Они были всюду, обладатели печатей и штампов. Утупив лубяные зенки, шлепали на бумаге жирные грифы. Когда-то писатель Куприн пожимал плечами: эти глаза соответствуют голубому околышу жандармской фуражки или голубой околыш соответствует этим глазам? Ах, Александр Иванович, мы соответствуем и глазам и околышам, вот и реют над нами жирные грифы, а звонким жаворонком вьется: "Паспорт выдан".
И верно, счастливило не возвращение в Город, а паспорт, тотчас явленный участковому. Но вот какая штука! - паспорт не упразднил ноющее беспокойство: и все же, братец, существуешь ты в родной стране на фуфу, дуриком существуешь.
Постепенно, исподволь завладело им чувство Города. То не было восхищение гармоничес-ким согласием северного пространства с западной регулярностью, а было печальное осознание дряхлости Города. Он был в пролежнях, в его недрах застыла кровь. Новостройки обладали другой кровеносной системой и потому не были Городом.

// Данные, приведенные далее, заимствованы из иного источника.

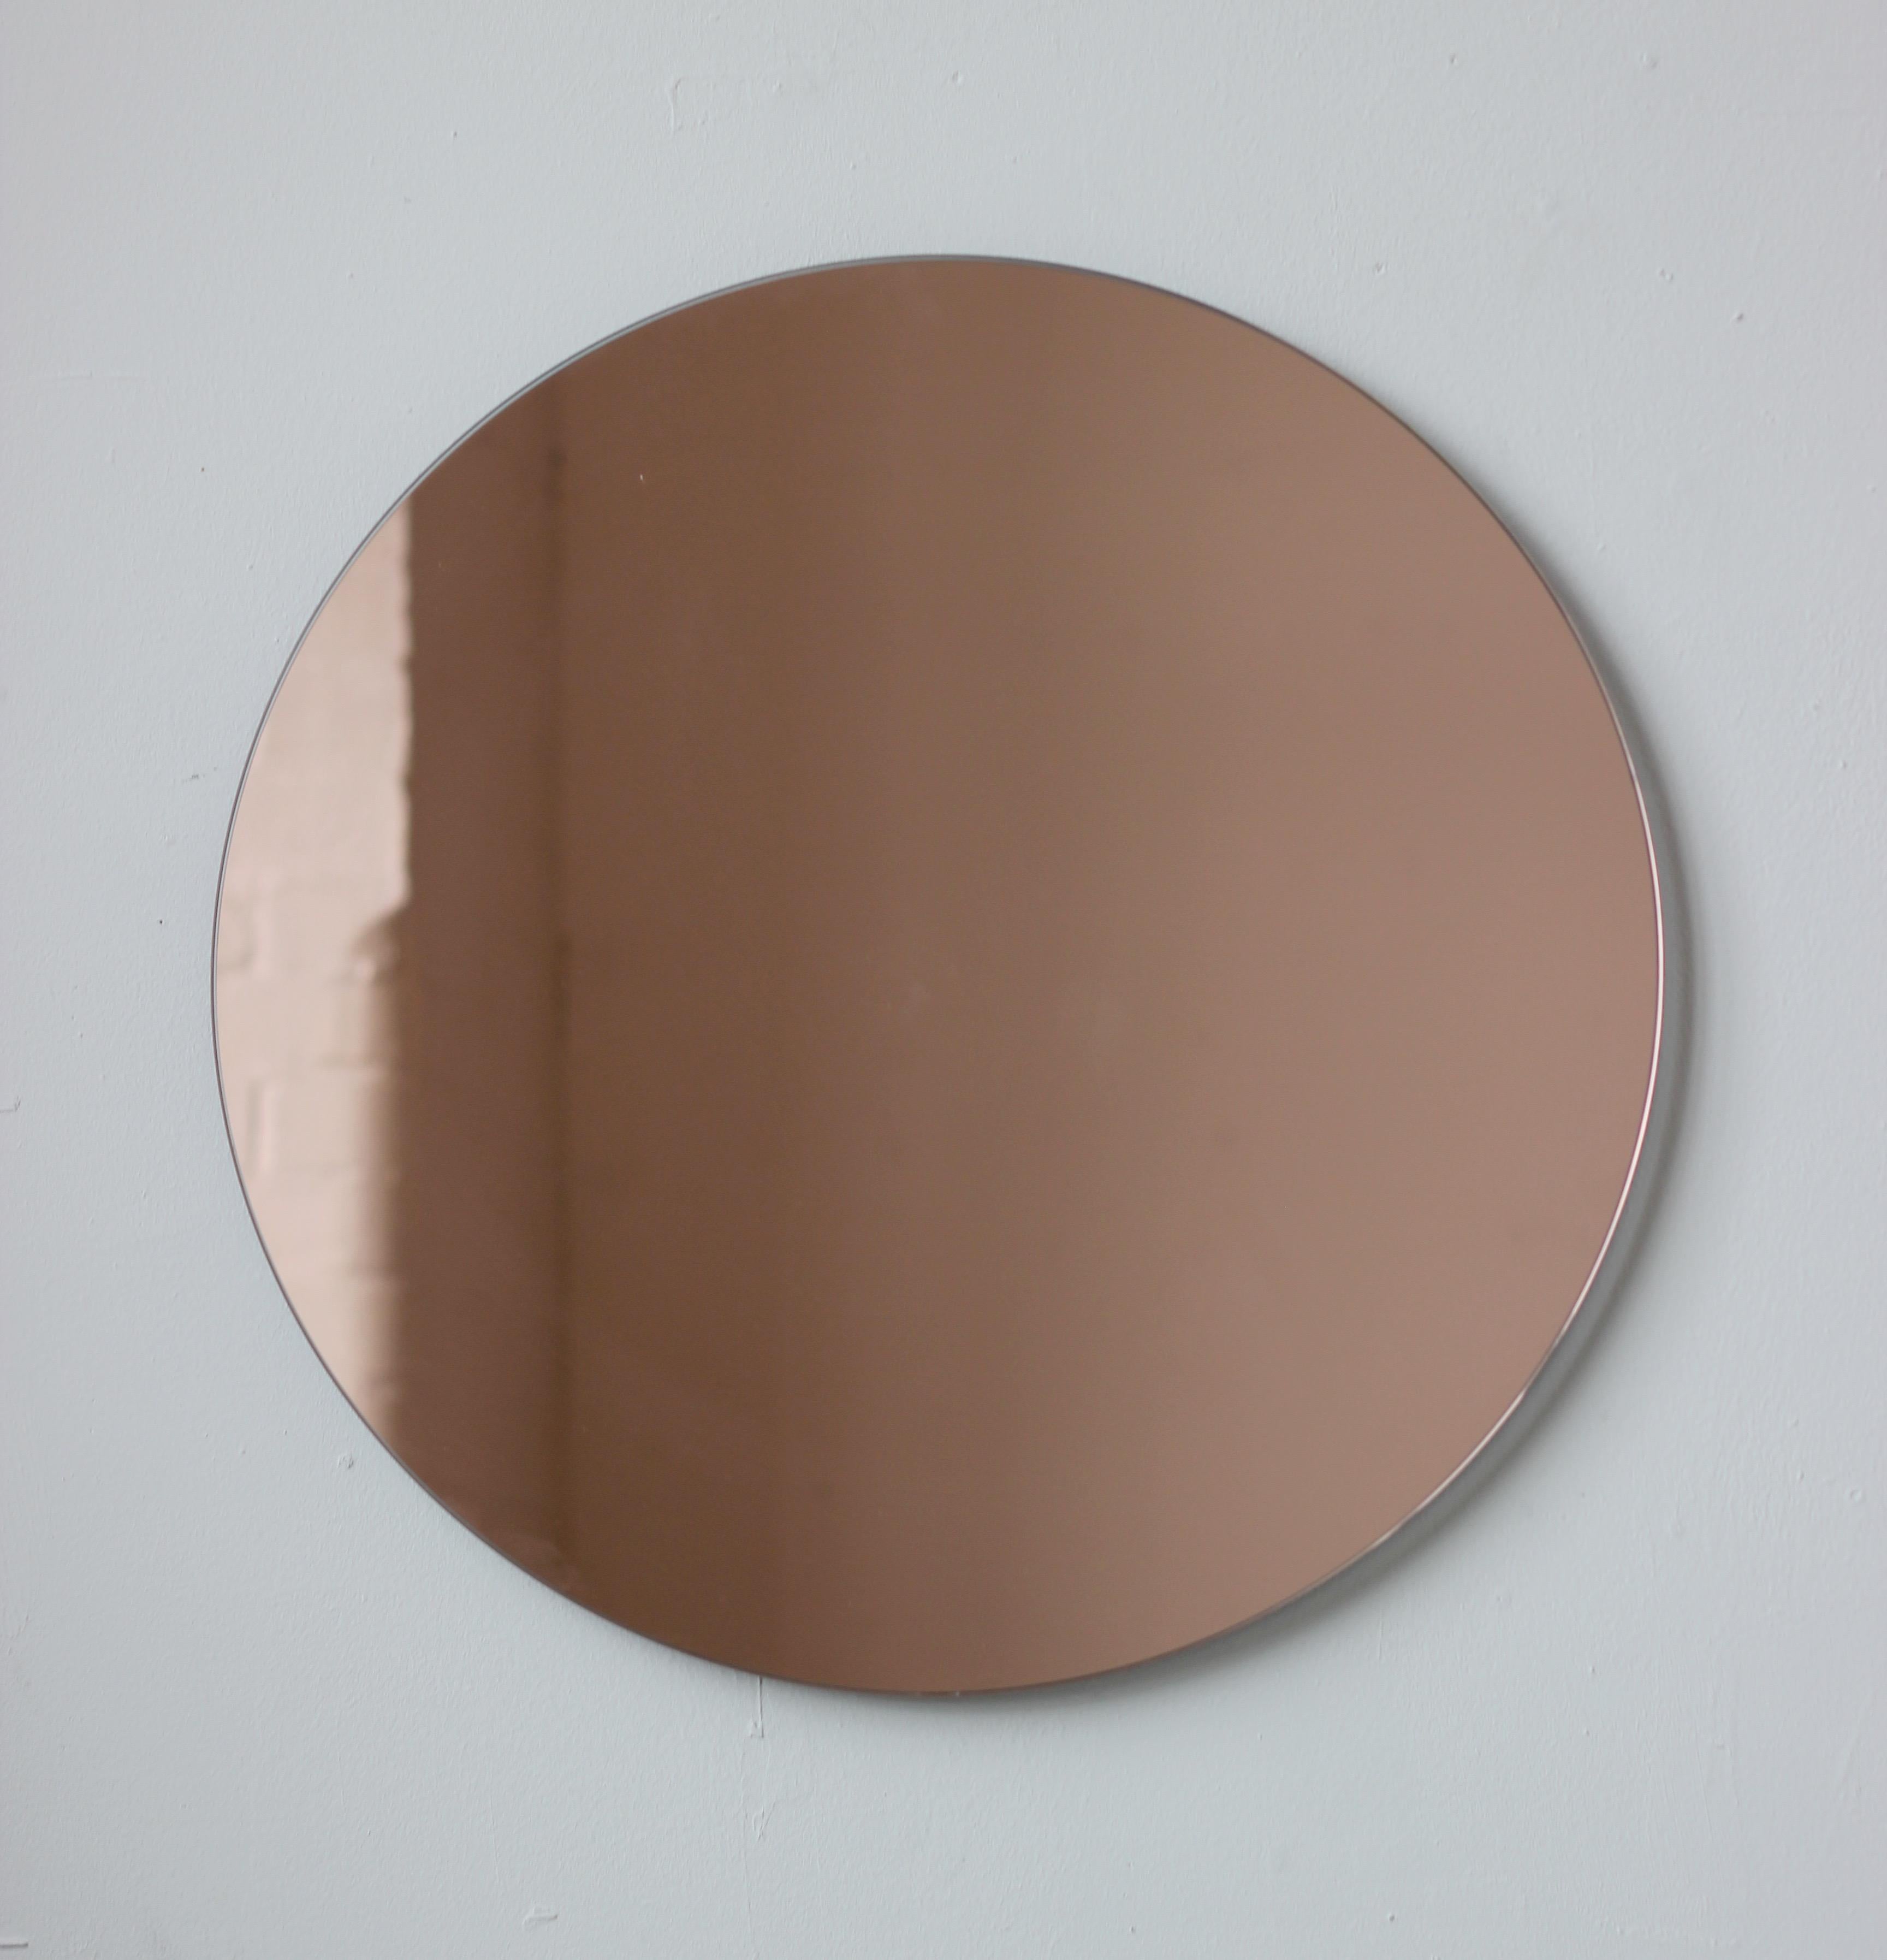 Minimalist rose gold / peach tinted Orbis™ round frameless mirror with a floating effect. Quality design that ensures the mirror sits perfectly parallel to the wall. Designed and made in London, UK.

Fitted with professional plates not visible once

Но Река милосердно смывала пролежни, ржавчину, плесень.
Он шел по набережной, легкой ладонью потрагивая парапет, пригретый солнцем, шершавость гранита и шорох Реки были внятны как радость. И вдруг Башуцкий остановился, присвистнул, сбежал к воде, хотел бросить окурок, но не бросил - как можно? И точно, как можно, если слышишь: "Позвольте..." Вот и молодые люди перестали барахтаться у берега.
Плечи пловца влажно блестели, редеющие волосы слиплись прядями. "Позвольте показать вам, как надо плавать,- крикнул Пушкин молодым людям.Вы не так размахиваете руками, надо по-лягушачьему..." А-а, вот оно что, вот оно что-то,- ярко догадался Милий Алексеевич, - здесь против Летнего сада была когда-то купальня, приходил Пушкин, плавал, однажды учил каких-то молодых людей "по-лягушачьему", приходил и Вяземский. "А, здравствуй, Вяземский",- сказал Пушкин, и Милий Алексеевич взбежал на набережную.
Бабушка, убирая с дороги внучку, проскрипела: "Смотри, Катюша, люди еще на работе, а дяденька уже напился". Нимало не интересуясь "дяденькой", толстушка отозвалась требовательным басом: "Есть хочу!" Милий Алексеевич рассмеялся и приставил ко лбу растопыренные пальцы - идет коза рогатая.
Мгновение спустя три тени наискось прочертились по плитам набережной и в рассеянном солнечном свете сошлись отчетливо-зримые: коллежский секретарь, только что учивший молодых людей плавать по-лягушачьему, брюхастый тайный советник Поленов и - на солнышке лицом совсем белый регистратор Башуцкий.
Милий Алексеевич помахивал портфельчиком, такой, разрази его гром, счастливый.
6
Очень это хорошо, что они, как по наитию, сошлись. Лучше не придумаешь. Однако наш очеркист убил немало времени, прежде чем нашел документы, которые позволили ему считать своего родственника в числе подчиненных тайного советника Поленова. Это уж было не просто хорошо, а было, повторяем, чрезвычайно важно.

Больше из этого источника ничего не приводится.